Sistematika kompetisi terhitung sederhana. Dua sahabat karib yang menyadari diri mereka akhirnya diakrabkan lewat ASEANDSE ini hanya diharuskan mengirimkan sepuluh slide power point. Menengarai isu yang cukup hangat pada saat itu, keduanya memilih angkat bicara soal kesetaraan gender. Terseleksi menjadi 10 finalis terbaik Se-Indonesia, Hasya dan Fina berangkat ke Jakarta dan mempresentasikan power point mereka di hadapan juri.
Dalam ASEANDSE ini, pihak ASEAN menggandeng SAP, sebuah software garapan perusahaan multinasional milik pebisnis Amerika Serikat, Bill McDermott. Dalam kompetisi, SAP digunakan sebagai software pendukung teknis pelaksanaan kompetisi. Kesempatan itu tentu menjadi kali pertama bagi Hasya dan Fina berkenalan dengan SAP. Keduanya pun menyadari bahwa ASEANDSE memang menjadi kendaraan promosi bagi produk milik Bill McDermott itu. Akan tetapi, sebagaimana semua finalis yang mengidamkan kemenangan dalam sebuah kompetisi, akal-akalan itu tak membikin keduanya ambil pusing.
Fina bercerita, dalam kompetisi kemarin, ia menerapkan pembagian kerja yang tak terlalu serius dengan Hasya. “Untuk sampai pada keputusan mengikuti ASEANDSE, saya memang terbujuk oleh ajakan Hasya.” kata Fina. Konsekuensinya, Hasya-lah yang menjadi pihak telaten mengurusi berbagai keperluan lomba secara teknis. Sementara itu, adalah Fina yang kebagian tugas untuk banyak bersentuhan dengan data itu sendiri.
ASEANDSE adalah kompetisi yang diselenggarakan secara tahunan oleh ASEAN. Peraih juara pertama akan terpilih mewakili Indonesia pada ajang ASEANDSE di tingkat internasional.
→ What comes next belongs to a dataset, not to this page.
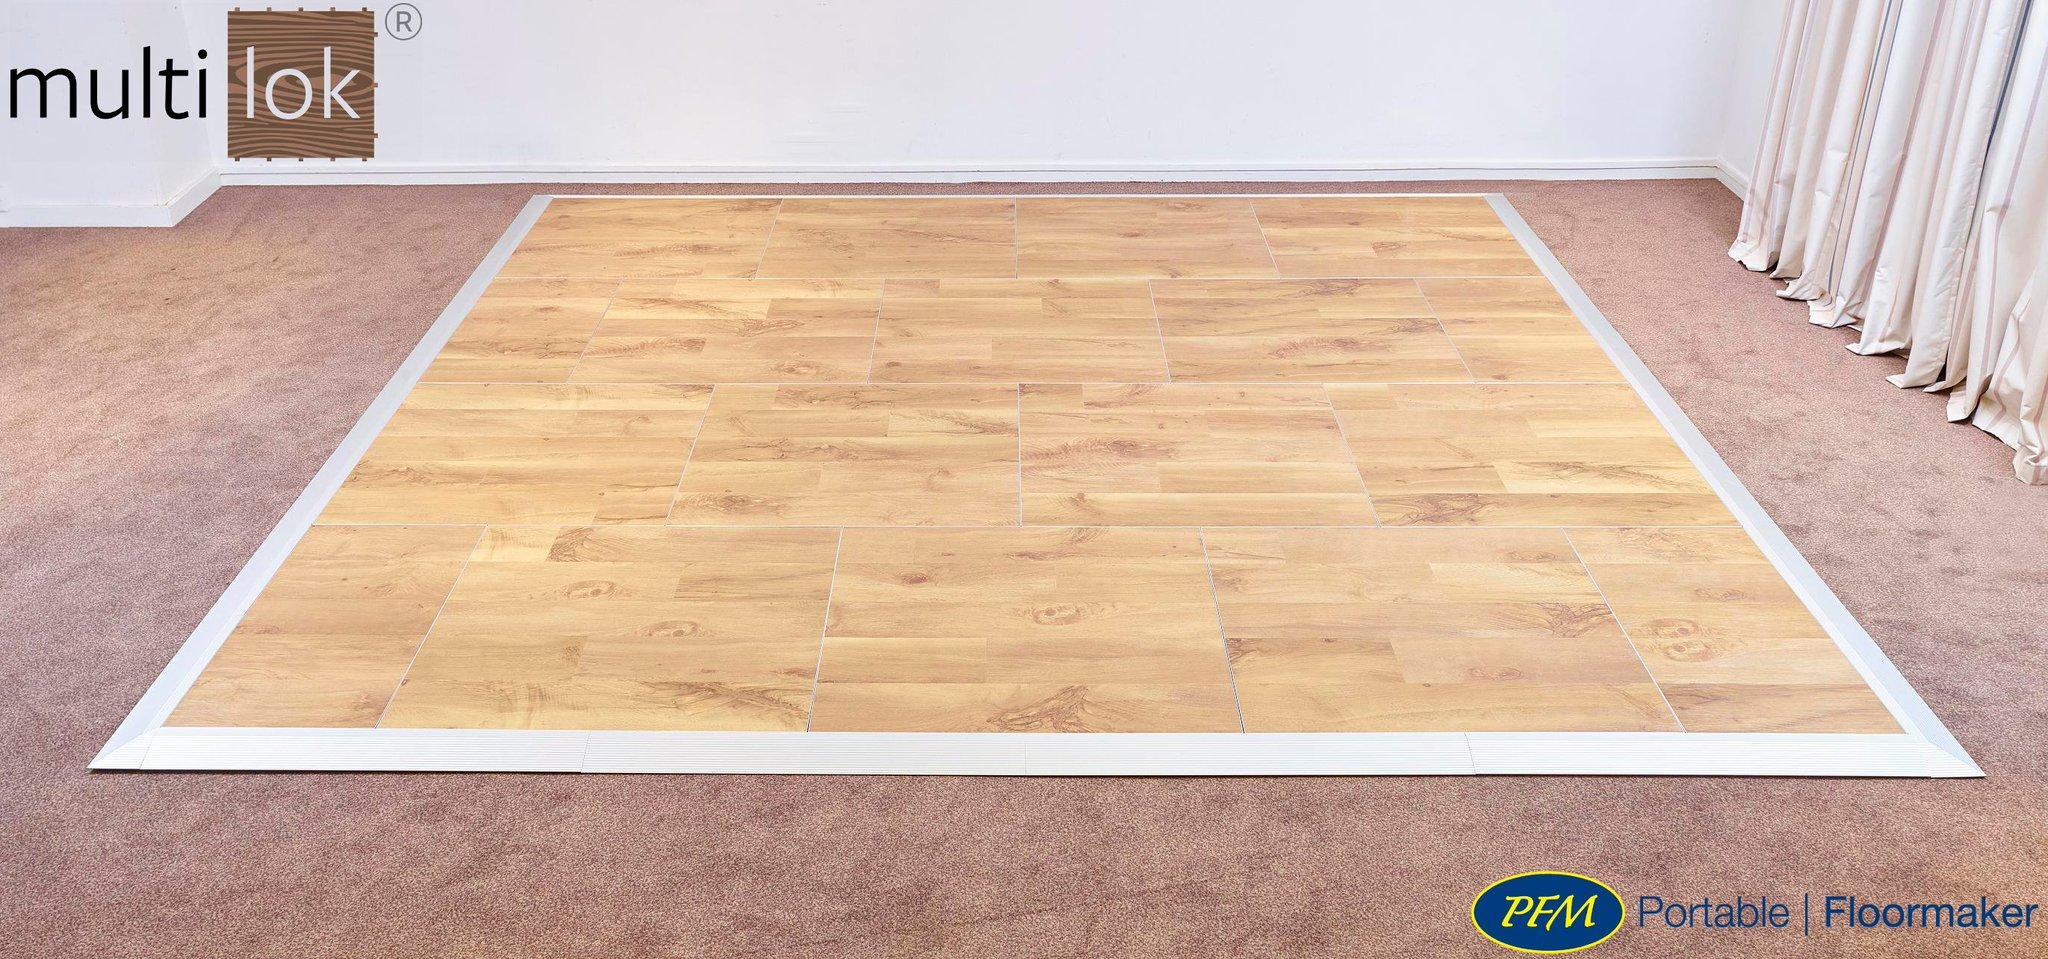 portable piece for a dance floor
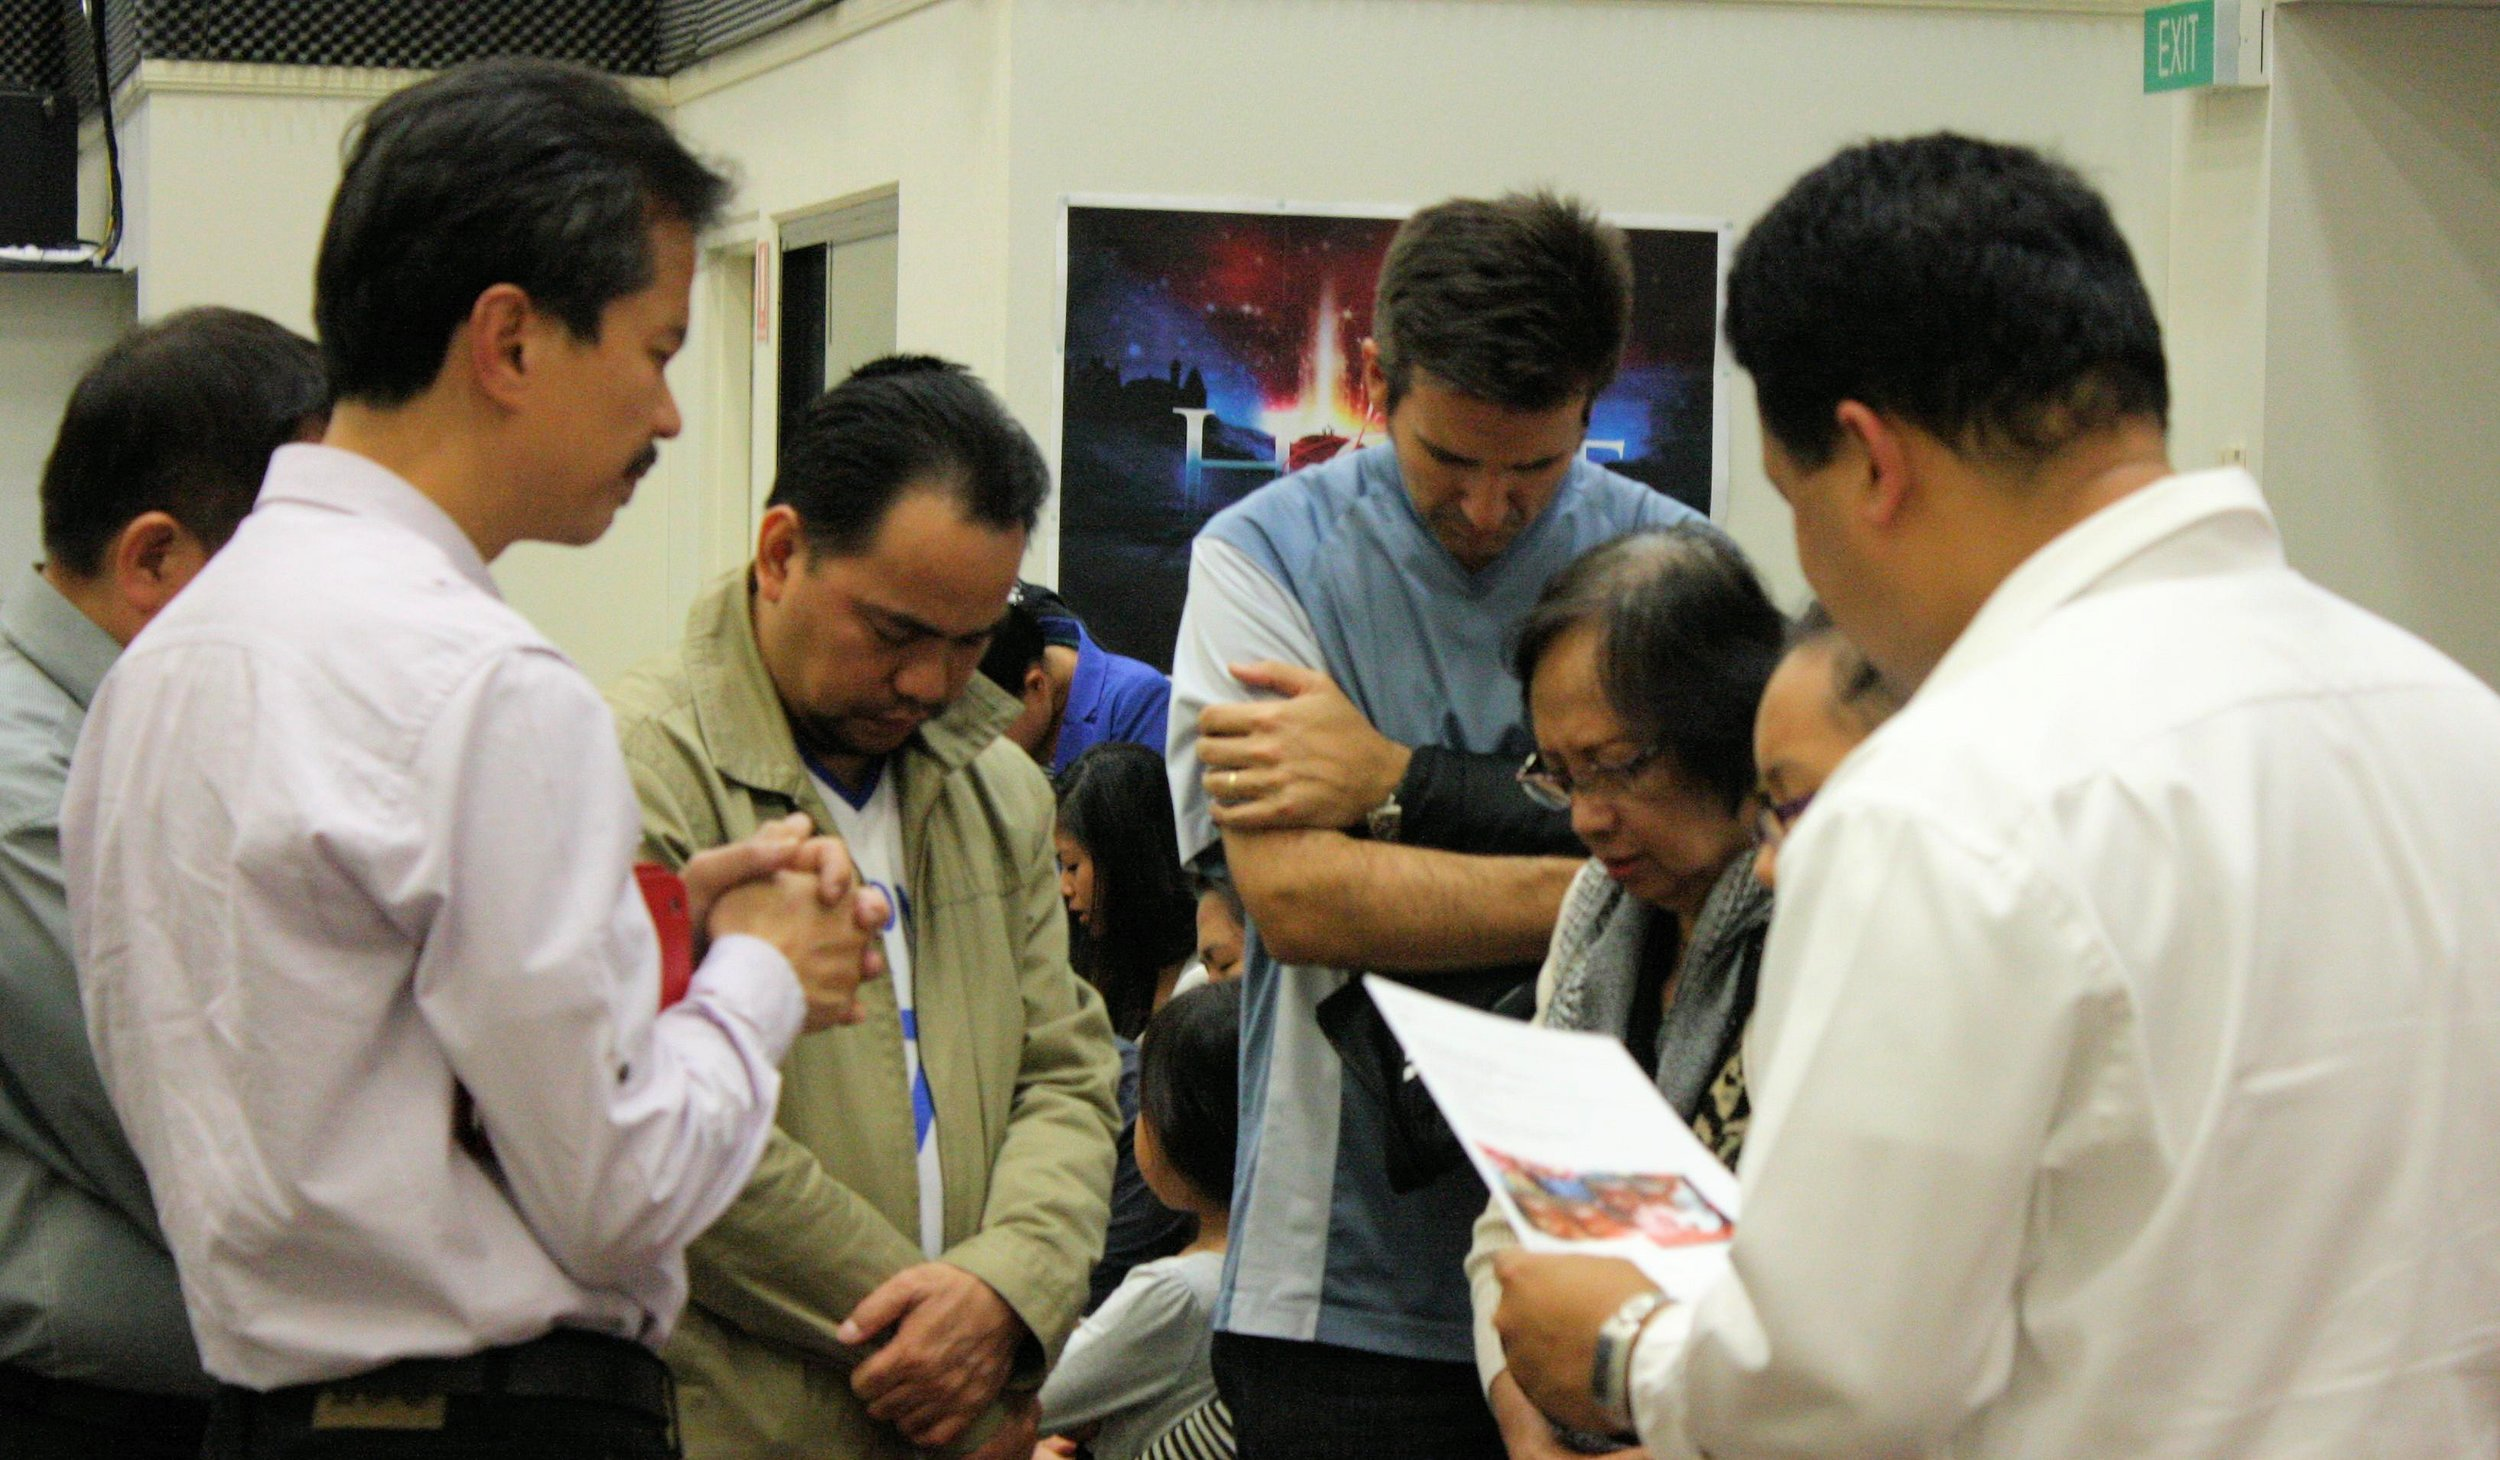 prayer-service 2.JPG

Tahun 2018, pelaksanaan kompetisi internasional itu dilangsungkan di Singapura. Dengan kekecewaan yang menggantung, Fina berbesar hati mengakui bahwa ia dan Hasya telah gagal mewakili Indonesia. “Ditambah lagi, ekspektasi banyak orang yang telah repot-repot mengetahui kami sedang mengikuti kompetisi menempatkan kami pada beban personal tertentu,” tambahnya.
Meskipun keduanya gagal menggaet juara pertama, kita tahu bahwa kesempatan untuk berusaha dan berjuang, bagaimanapun layak dihargai dan—pada saat yang sama—dipandang dengan penuh rasa syukur. Hal itu tentu tak menjadi alasan yang berlebihan bagi Hasya dan Fina untuk kembali ke Jogja dengan hati yang lapang dan sadar bahwa keduanya telah banyak belajar. (/Snr)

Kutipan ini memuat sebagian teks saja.